● **Assignment**
Everything in the listing that follows should be reproduced exactly except the pictures.
━━━ Data segment ━━━
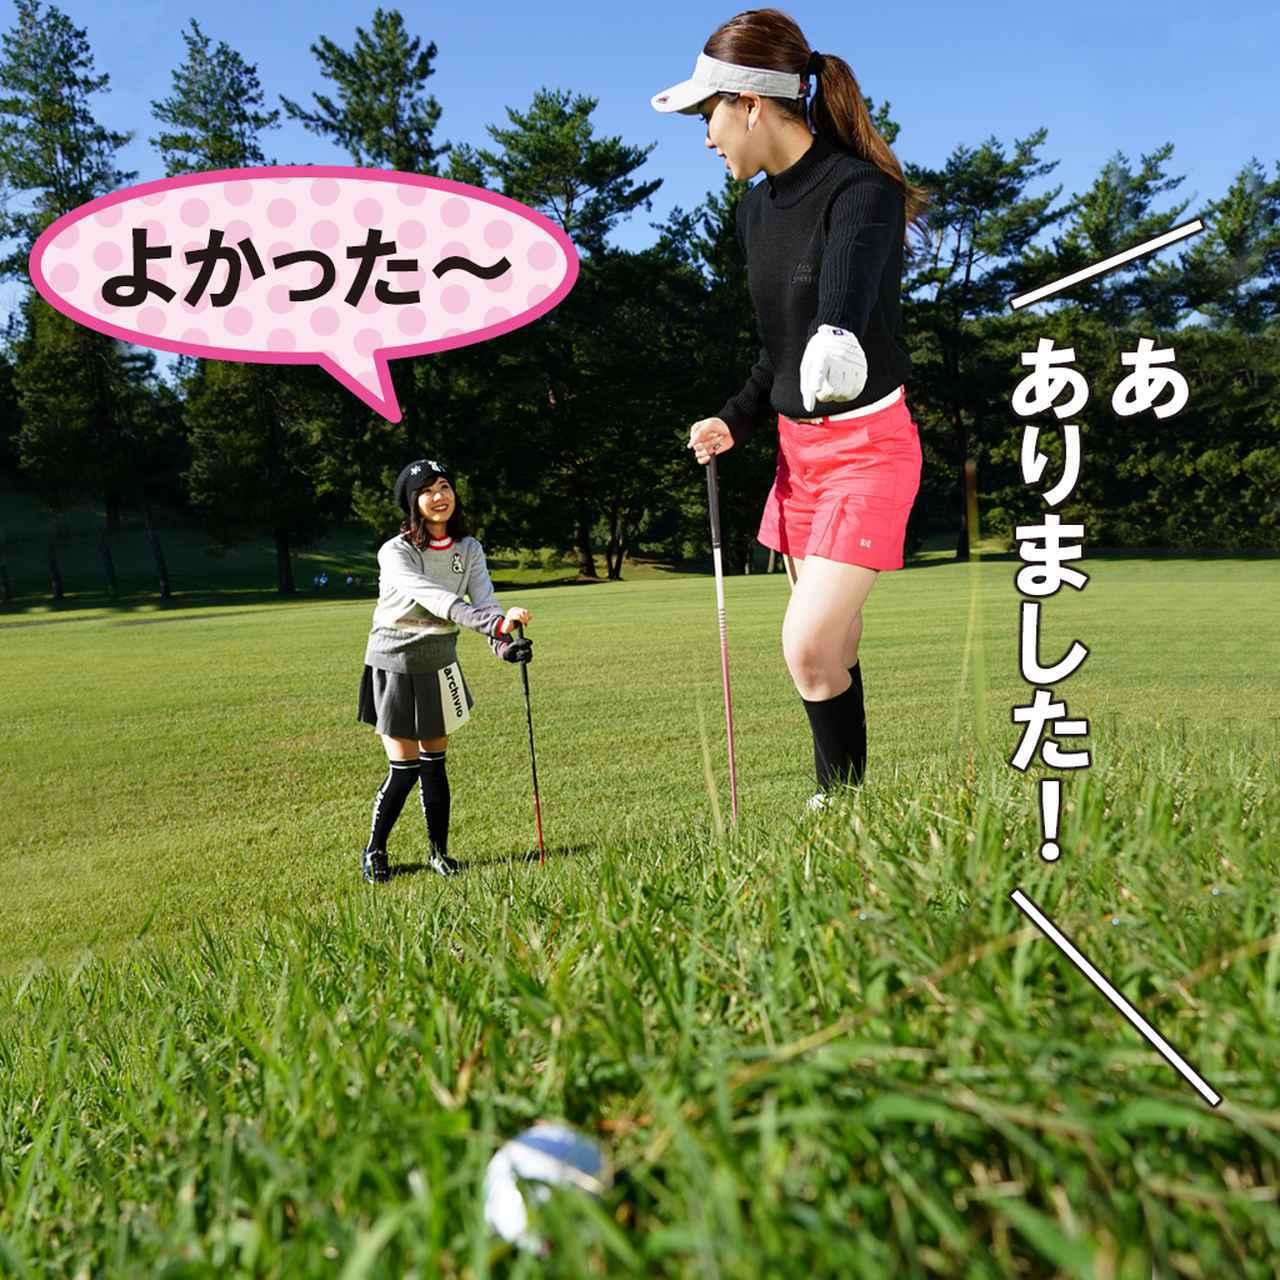 画像1: 【新ルール】ソールしたら球が動いた…このときの対処法は?
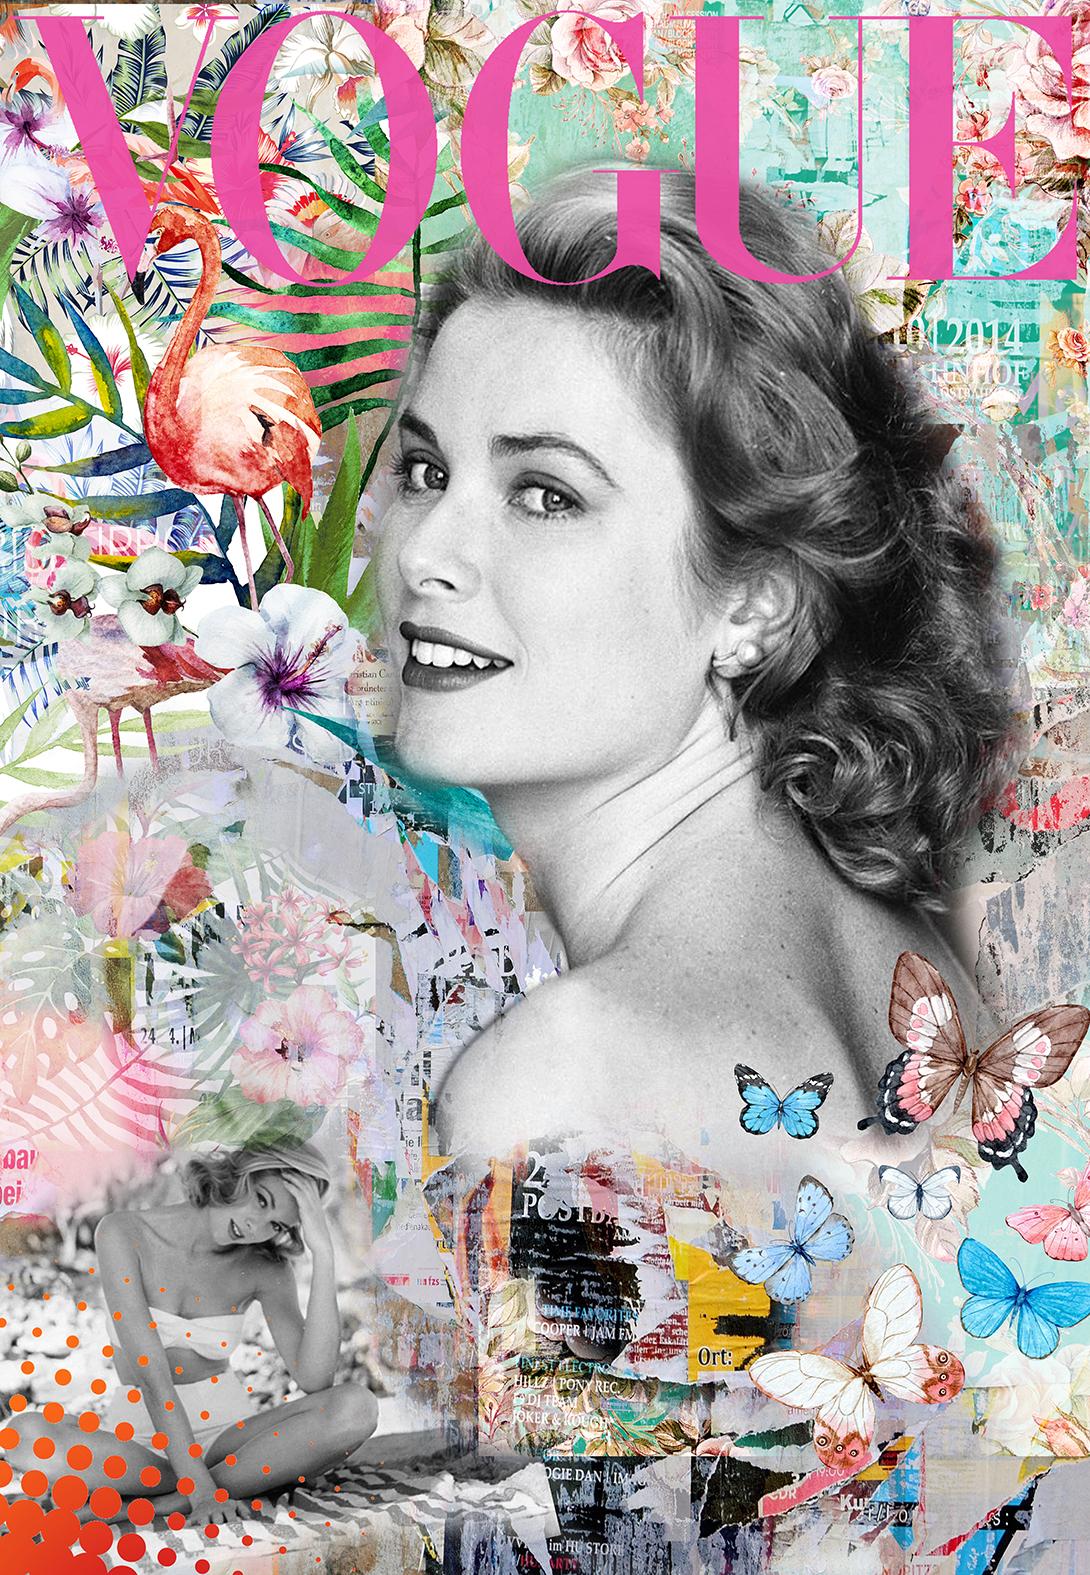 Grace-kelly-Fabien-Novarino-tableau-pop-art
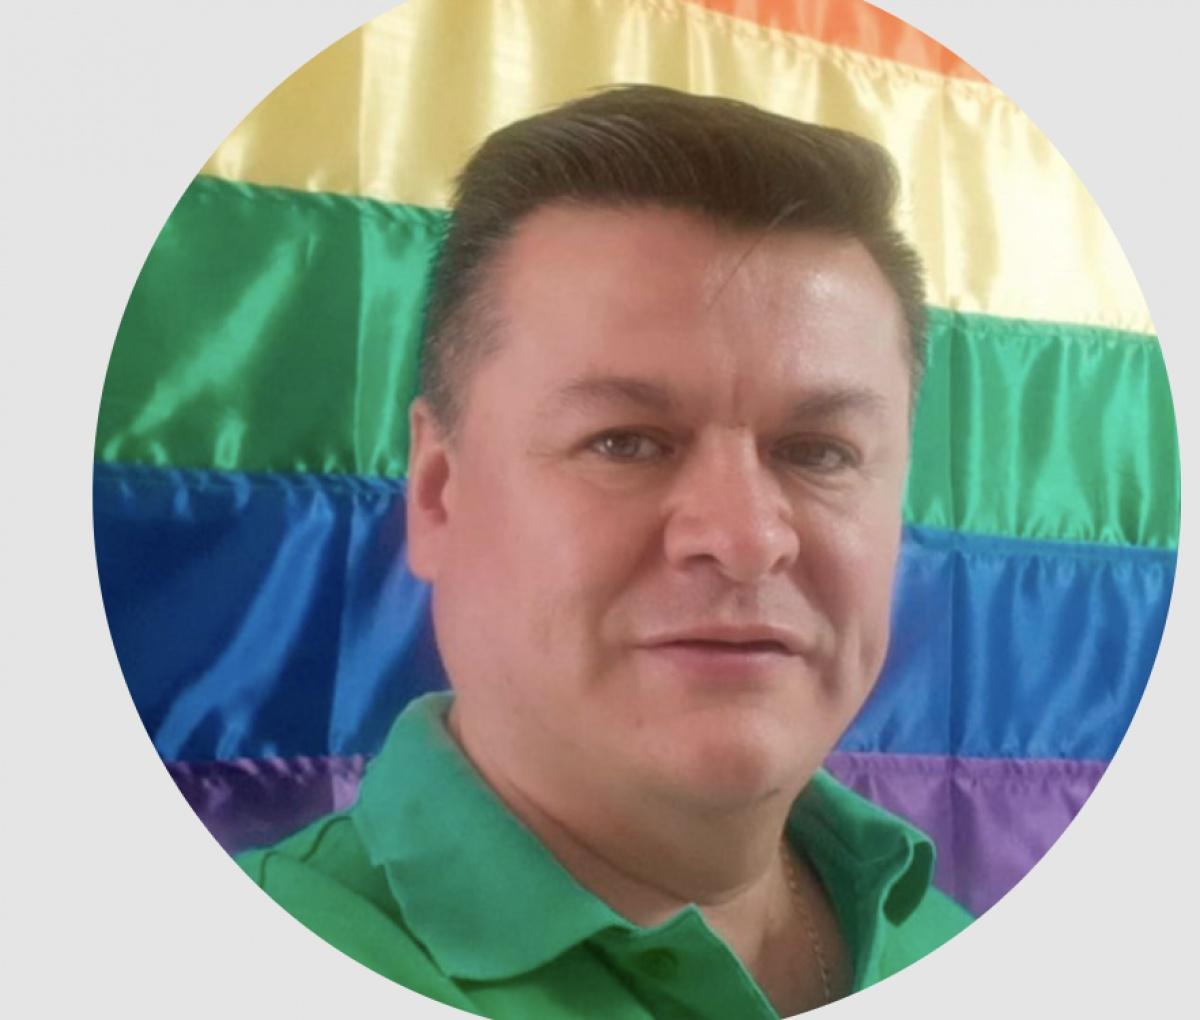 REALIDADES LGBT QUE NO SE VEN NI SE ESCUCHAN (2/2)
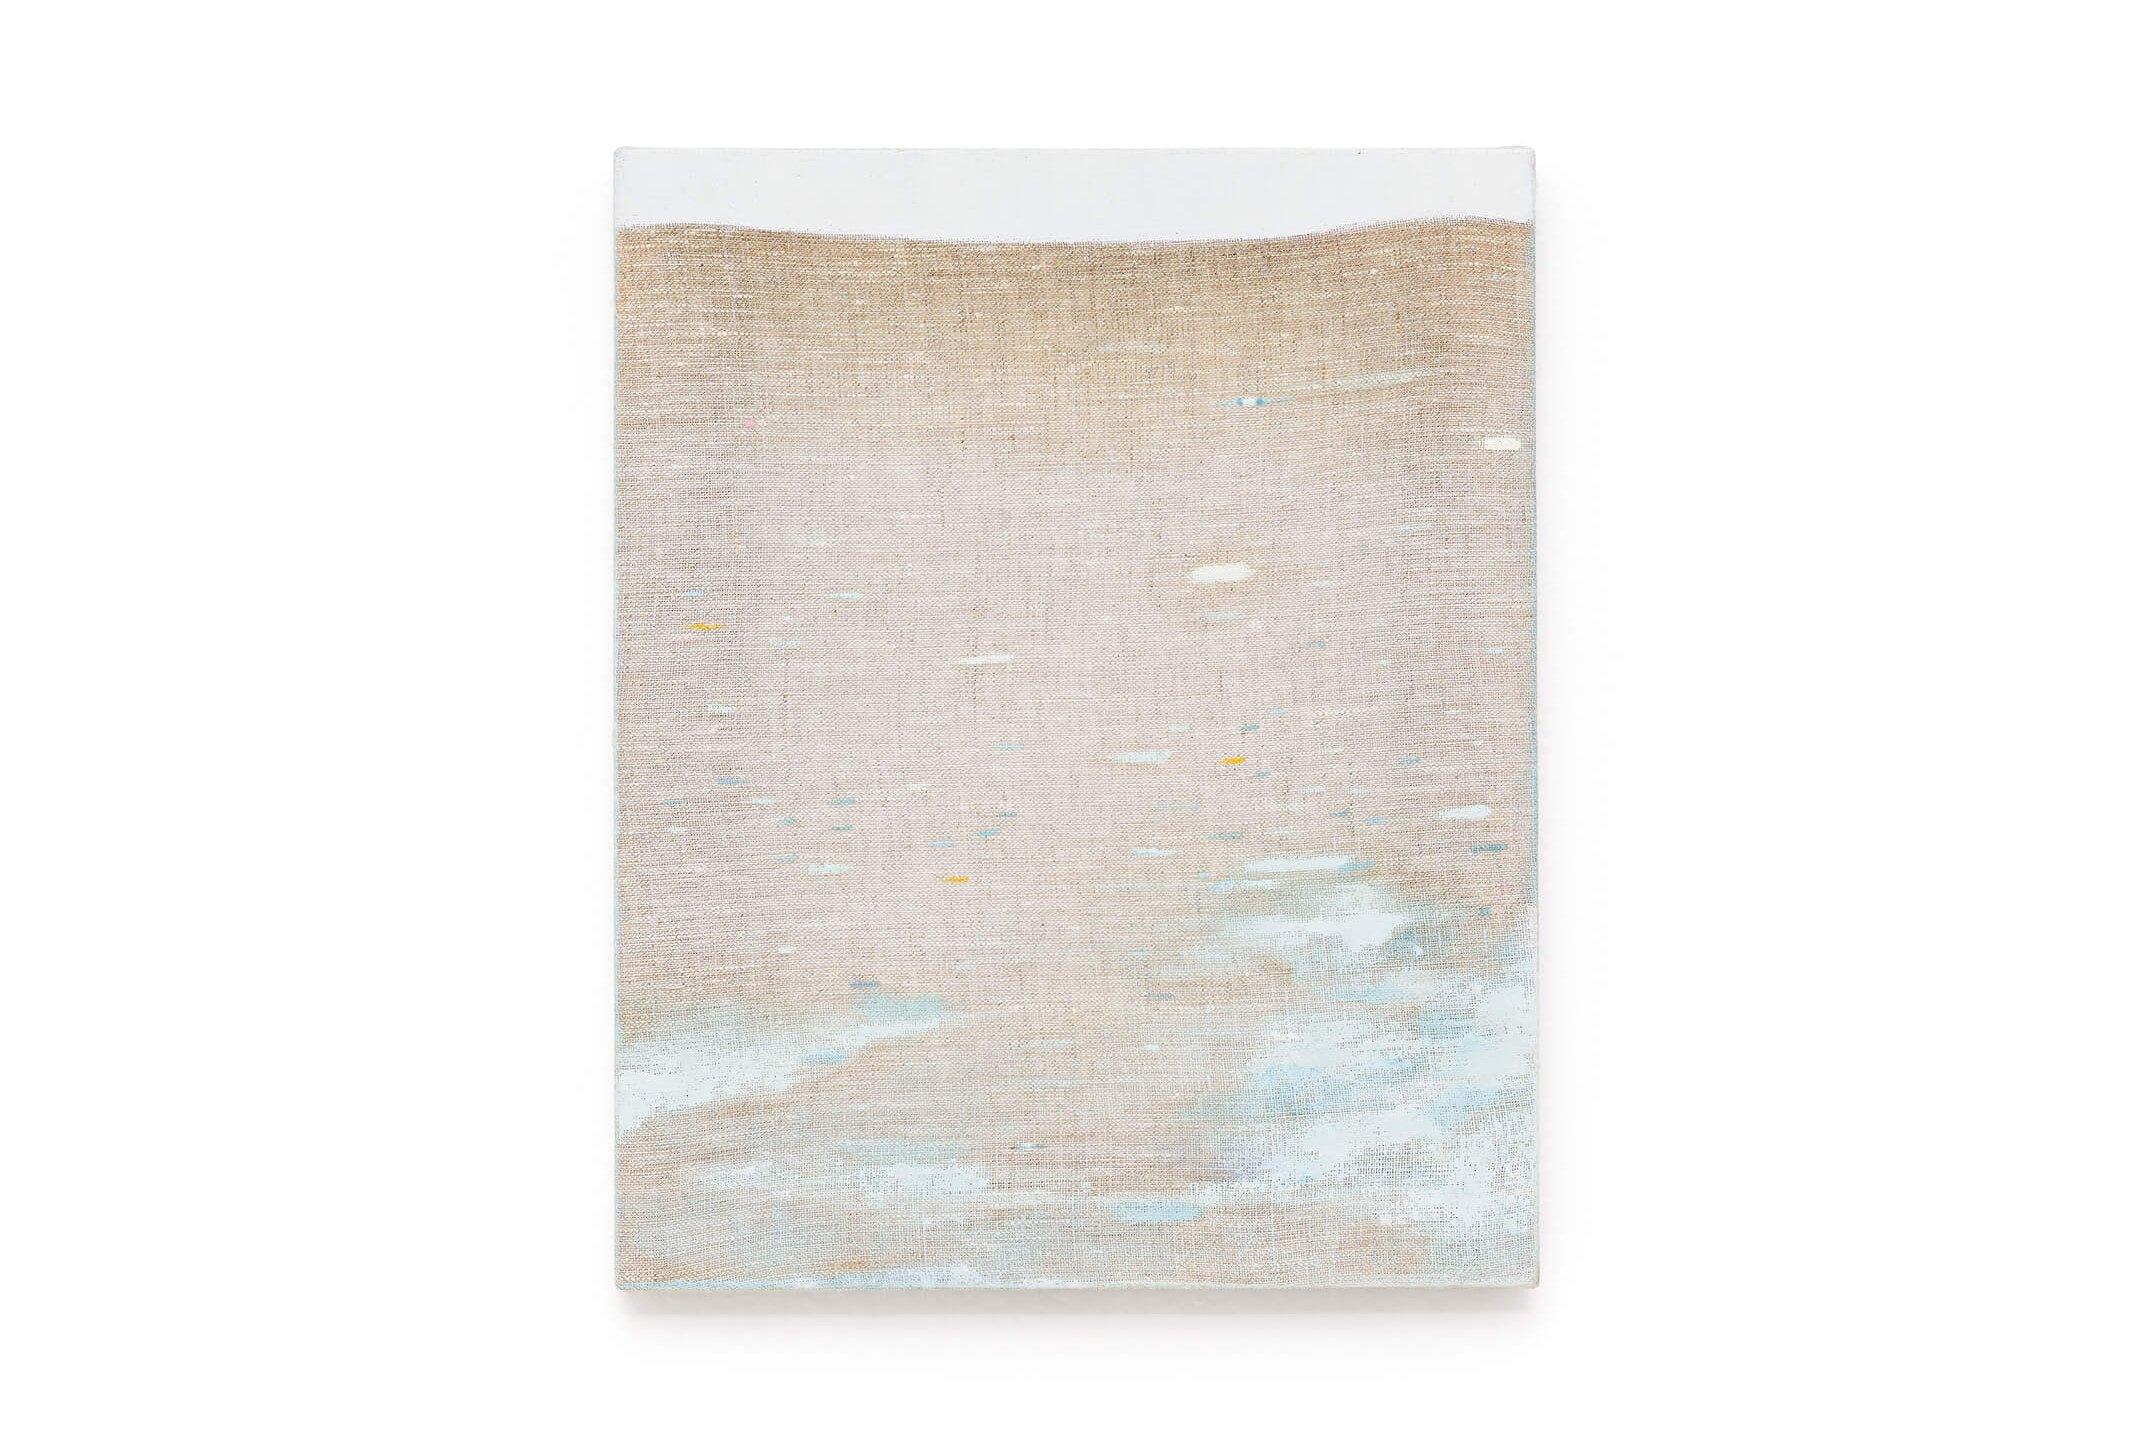 Yasmin Guimarães, <em>untitled</em>, 2016, oil on linen, 30,5 × 24,5 cm - Mendes Wood DM
━━━
● **Written answer**
 画像1: 【新ルール】ソールしたら球が動いた…このときの対処法は?
 Grace-kelly-Fabien-Novarino-tableau-pop-art
 REALIDADES LGBT QUE NO SE VEN NI SE ESCUCHAN (2/2)
 Yasmin Guimarães, <em>untitled</em>, 2016, oil on linen, 30,5 × 24,5 cm - Mendes Wood DM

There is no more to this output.